How economic inequality eats away at society

TheStar.com – opinion/editorial opinion
Published On Fri Dec 17 2010.   By Carol Goar, Editorial Board

By training, Richard Wilkinson is an epidemiologist, a medical scientist who specializes in the causes, distribution and control of diseases.

By nature, he is a sleuth. He follows the evidence, wherever it takes him.

When he could find no medical explanation for the high incidence of illness among people on the bottom rungs of the socio-economic ladder, he tested other possibilities.

Did poverty put people’s health at risk? The facts didn’t quite fit that theory. In societies with wide disparities in wealth, the poor did have a disproportionately high rate of morbidity. But in societies with a more even distribution of assets, the pattern faded.

Could inequality be the culprit, then? This time, the dots connected. No matter where Wilkinson looked, those who ranked lowest in the socio-economic hierarchy experienced more health problems than people above them.

For a while, the British researcher was satisfied. He wrote a string of publications documenting the psycho-social causes of poor health.

Then his curiosity reasserted itself. If inequality explained why some people were sicker than others, could it also explain why some societies had elevated rates of drug abuse, violence, illiteracy and teen pregnancy?

He examined the evidence, comparing equitable jurisdictions to those with sharply differentiated “haves” and “have nots.”

He found that the wider the gap between rich and poor:

The higher the incidence of drug addiction.

The higher the dropout rate.

The higher the concentration of adolescent gangs.

The higher the prison population.

The higher the rate of teen pregnancy.

“How could I have been so slow to pull it together?” he asked. “It is surprising someone didn’t write this book 20 year ago.”

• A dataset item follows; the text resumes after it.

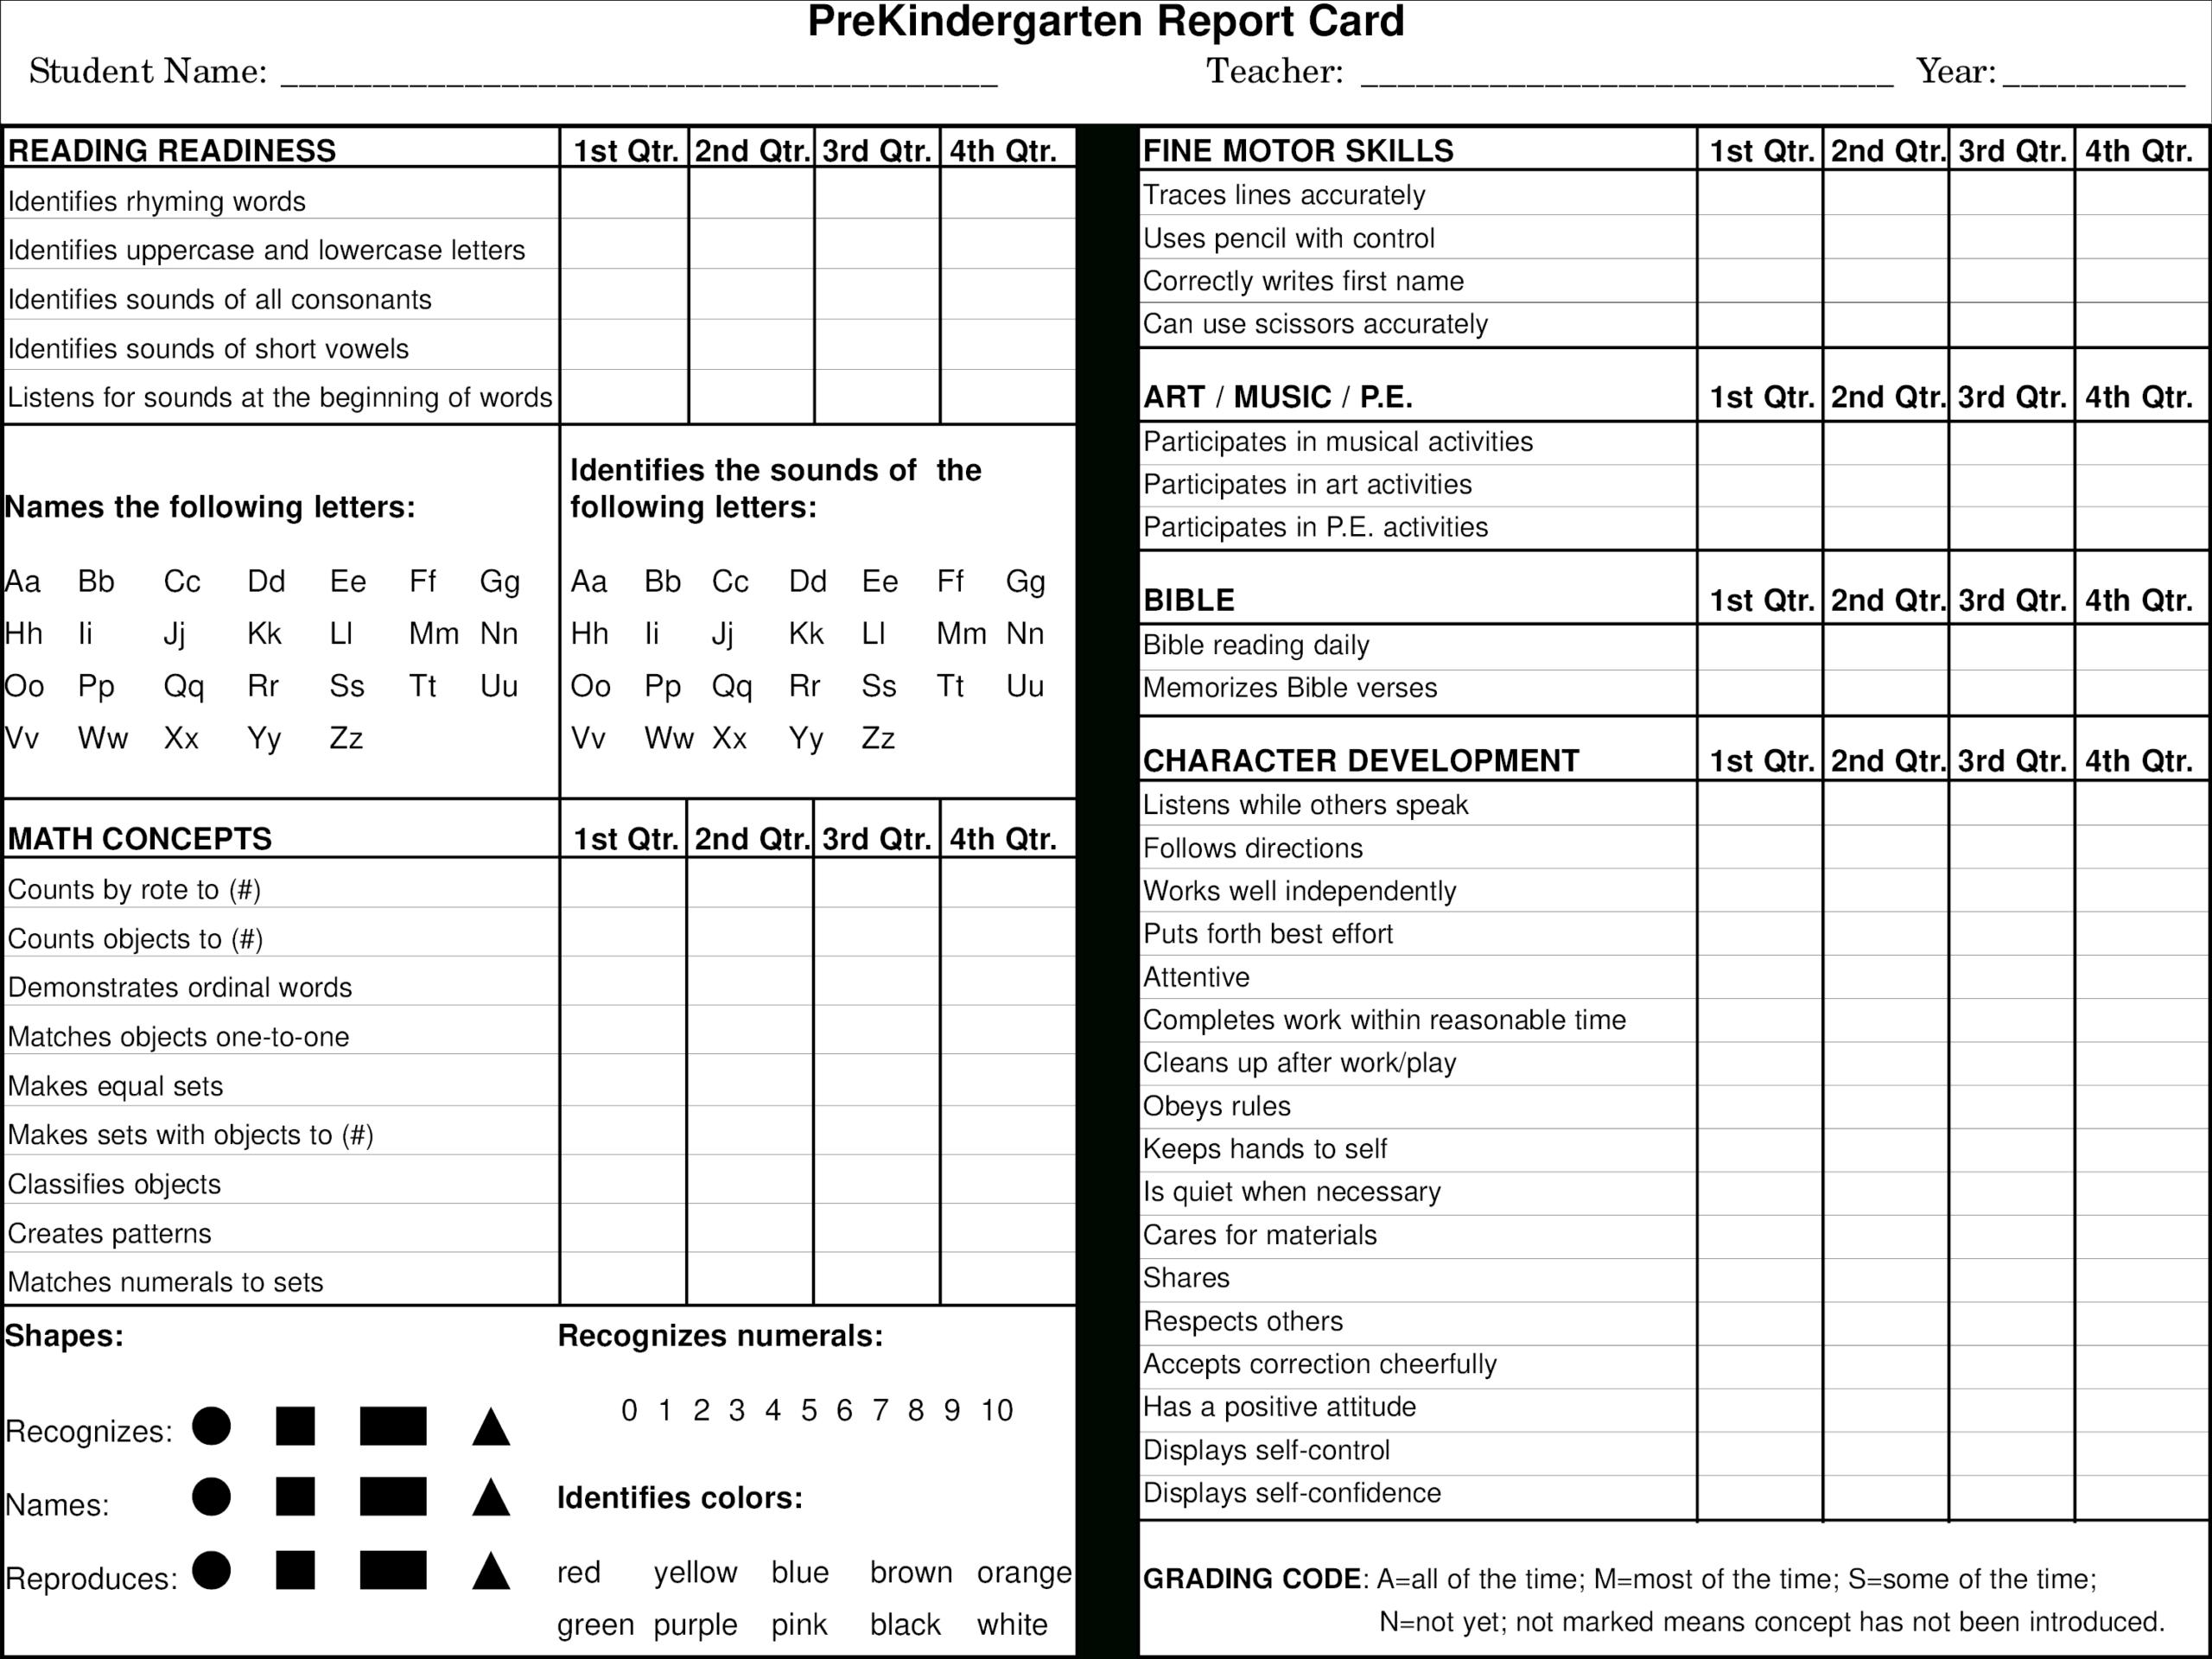 Preschool Report Card Main Image – Preschool Progress Report For Character Report Card Template

The book to which he was referring is The Spirit Level — Why Equality is Better for Everyone. (Its title confuses North Americans. In Britain, a spirit level is a familiar construction tool used to measure the flatness of a surface.)

Wilkinson was in Toronto recently to talk about his research and urge Canadians to spread the message that great extremes of wealth, status and power eat away at a society.

He delivered his pitch last Saturday to a roomful of social service workers. First, he cautioned the audience not to be deceived by the graphs in his book. “It may look as if Canada is in the middle of the pack,” he acknowledged. “But the figures are out of date. (Most of his statistics are five to seven years old.) “You’re rapidly becoming more unequal than most OECD countries”

Having established that Canada has a well-developed case of the inequality disease, he challenged listeners to look beyond conventional remedies such as taxing the rich and giving more benefits to the poor. Those options are not politically feasible right now, he maintained.

Instead, he urged starting small and building public support. “It’s going to take a 10- to 20-yearsocial movement,” Wilkinson said.

One way to draw people in, he suggested, is to raise the question of tax fairness. Nobody likes to see the wealthy use loopholes and offshore accounts to avoid paying their share of taxes.

A second way to generate debate is to create new forms of business owned by employees or investors who see beyond the bottom line. Workers need proof there is a viable alternative to companies run by chief executives who earn 20 times as much as they do.

There is a suppressed appetite for change, Wilkinson insisted. People want to be healthier, less driven, less fearful. They just don’t know how to get off the treadmill.

He knows his message runs counter to the ethos of the times. But he has found audiences on both sides of the Atlantic surprisingly receptive.

“The world is full of closet egalitarians,” he hypothesized half-seriously. “I’m just opening the door of the closet.”